A graph transformer-based approach for drug-target interaction prediction.
pip install -r requirements.txt
Under transductive setting, please run the code
python preprocess_transductive_setting.py
Under drug inductive setting, please run the code
python preprocess_drug_inductive_setting.py
Under drug-protein inductive setting, please run the code
python preprocess_drug_protein_inductive_setting.py
Using the Davis dataset under transductive setting as an example, the preprocessing might output the following log
Train in Davis
proteins load finished
data shuffle
10157 2540 12696
10157 finished
2540 finished
12696 finished
train dataset finished
valid dataset finished
test dataset finished
10157 2540 12696
The logs show that under the current random seed, the training set, validation set and test set include 10157, 2540 and 12696 drug-protein pairs, respectively. The pre-processing result is stored in ./molecule_data/Davis_transductive_setting_SEED.pkl.

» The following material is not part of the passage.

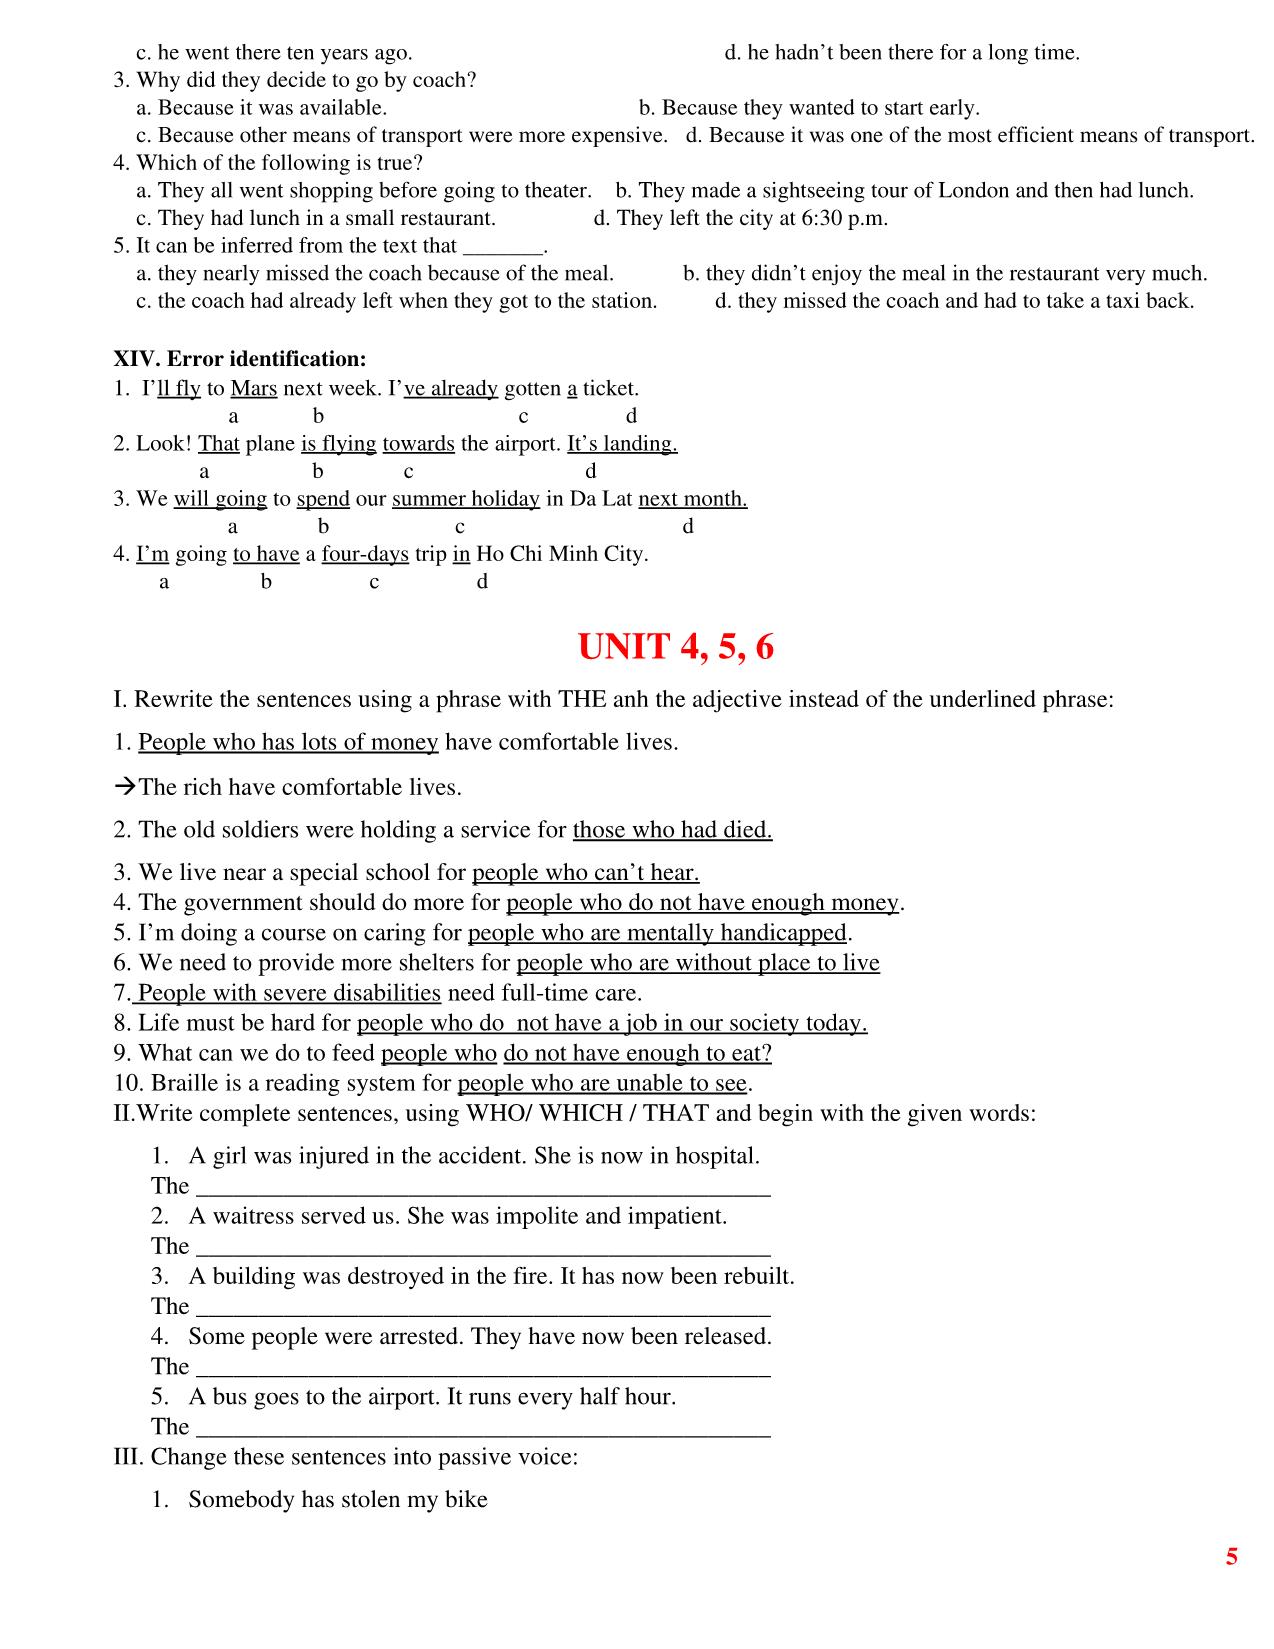 Bài tập tiếng Anh Lớp 10 -  Unit 4, 5, 6 trang 5

Under transductive setting, please run the code
python main_transductive_setting.py
Under drug inductive setting, please run the code
python main_drug_inductive_setting.py
Under drug-protein inductive setting, please run the code
python main_drug_protein_inductive_setting.py
We will continue to use the Davis dataset under transductive setting as an example, using ./protein_data/Davis.txt and the preprocessed output pkl file as inputs for model training and prediction. During the process, logs may be output as follows:
Train in Davis
proteins load finished
data shuffle
10157 2540 12696
train, val, test sizes : 10157 2540 12696
molecules load finished
Training...
The stable model's results:...
The log output includes the results of the validation set after each epoch and the final test set results, which are stored in ./Davis_transductive_setting folder.